Unofficial Member of the Executive Council of Hong Kong
- In office 1 September 1986 – 31 October 1988
- Appointed by: Sir Edward Youde
- Succeeded by: Cheng Hon-kwan

Unofficial Member of the Legislative Council of Hong Kong
- In office 30 October 1985 – 25 August 1988
- Preceded by: New constituency
- Succeeded by: Leong Che-hung
- Constituency: Medical

Personal details
- Born: 23 May 1928 British Hong Kong
- Died: 30 June 2024 (aged 96)
- Spouse: Peggy Chiu Leung
- Children: 3
- Education: King's College Lingnan Middle School Pui Ching & Pui To Middle School University of Hong Kong (MBBS)
- Occupation: Doctor

= Chiu Hin-kwong =

Hong Kong doctor (1928–2024)

Chiu Hin-kwong (招顯洸; 23 May 1928 – 30 June 2024) was a Hong Kong doctor. He was also a member of the Executive Council and Legislative Council of Hong Kong.

==Life and career==
Chiu was born in Hong Kong on 23 May 1928. He studied at the King's College, Hong Kong and moved to China during the Japanese occupation of Hong Kong and was educated at the Lingnan Middle School in Guangdong and Pui Ching & Pui To Middle School in Guilin. He returned to Hong Kong after war and graduated with the Bachelor of Medicine, Bachelor of Surgery from the University of Hong Kong in 1953. He became a doctor in private practice and was a fellow of the Hong Kong College of General Practitioners.

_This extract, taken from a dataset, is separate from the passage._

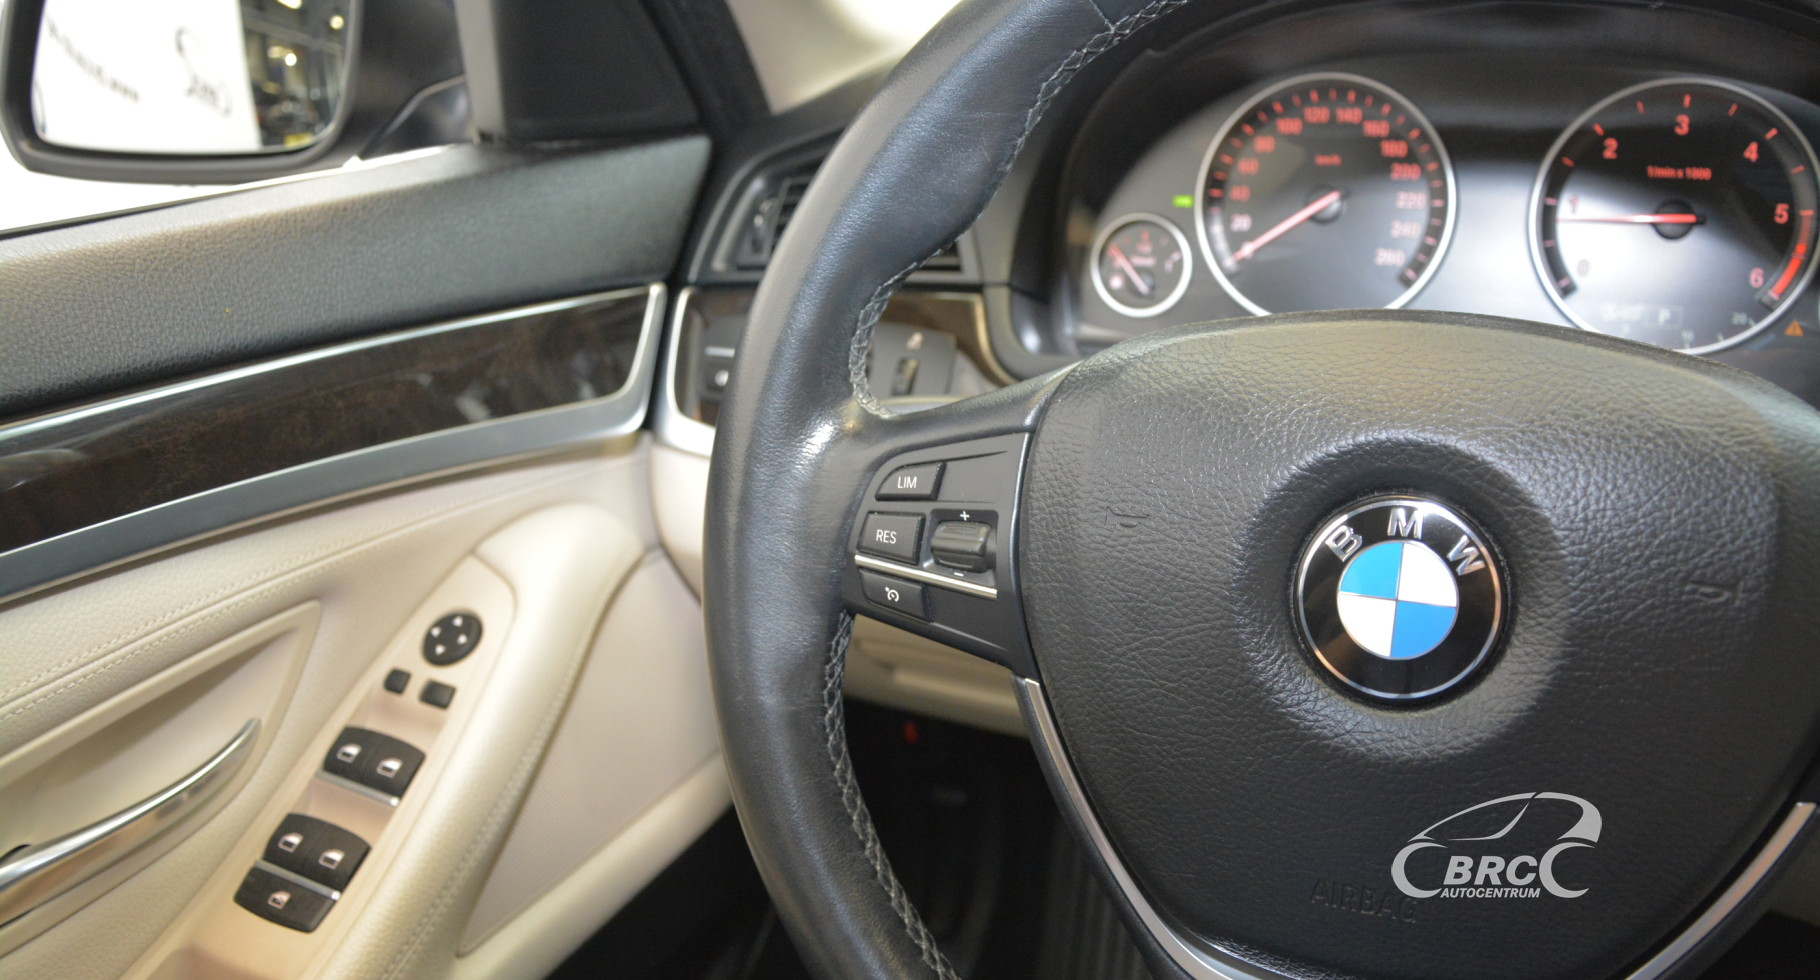 BMW 518 d Automatas
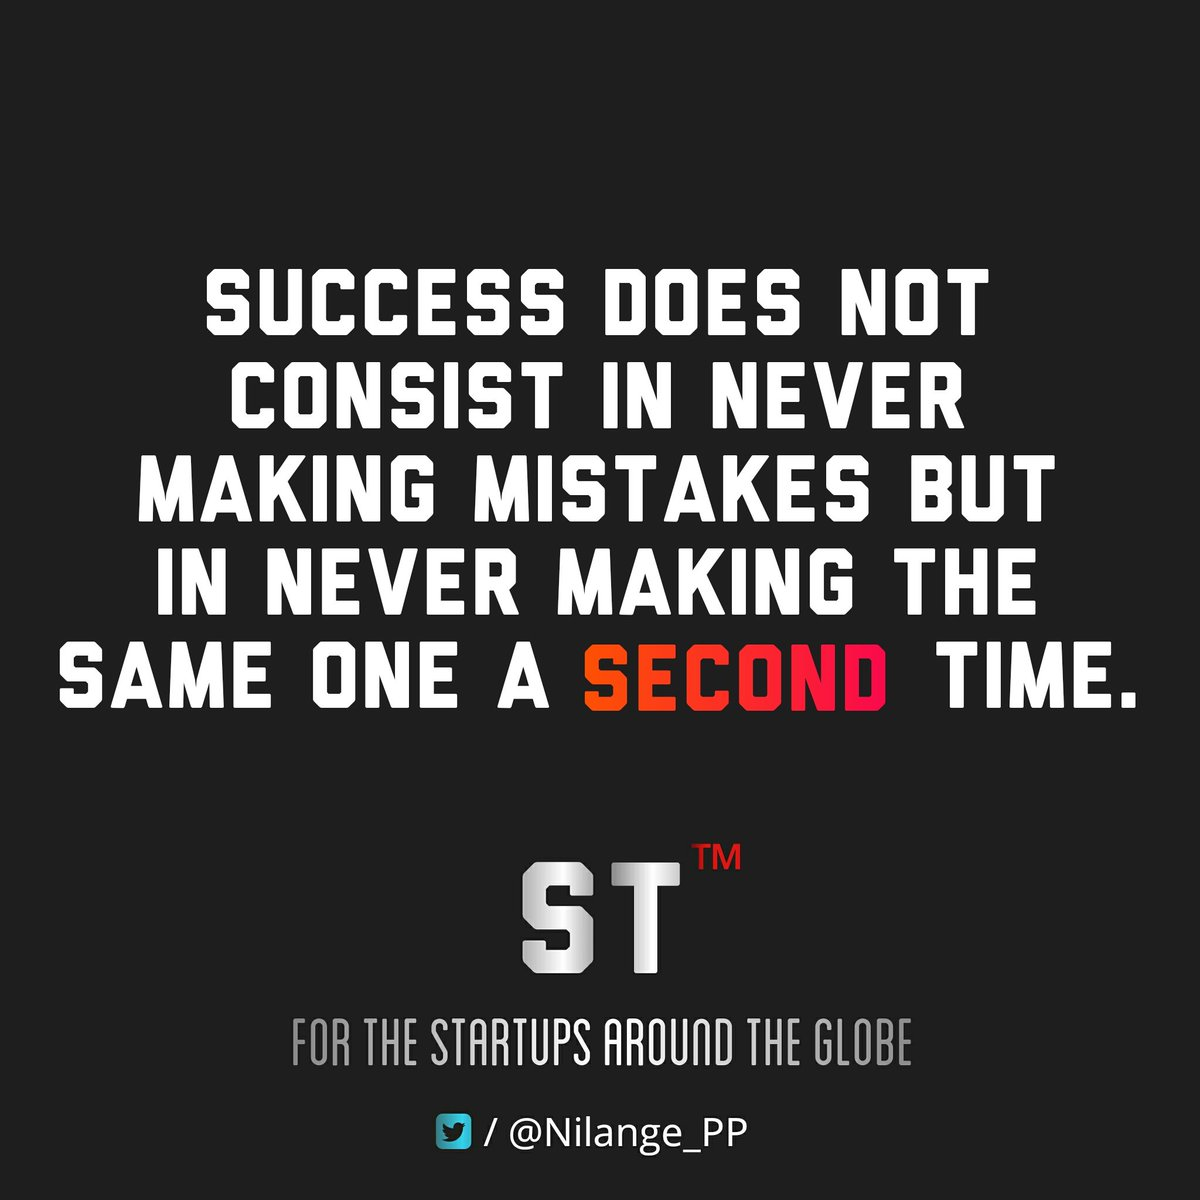 Please Note.... #startups #MakeYourOwnLane #Entrepreneur #defstar5 #mpgvip #spdc #smm #dji... by #StartupsBeat<br>http://pic.twitter.com/tTcaQr0etu

He had been vice-president of the Hong Kong Medical Association and member of the Licentiate Committee of the Medical Council and Dental Council of Hong Kong. He was also council member of the Hong Kong branch of the British Medical Association and director of the Hong Kong Baptist Hospital.

Chiu was elected to the Legislative Council through the Medical functional constituency in 1985 and was appointed to the Executive Council by Governor Edward Youde in 1986 with Daniel Tse.

He lost his seat in the 1988 election to Dr Leong Che-hung.

Chiu died on 30 June 2024, at the age of 96.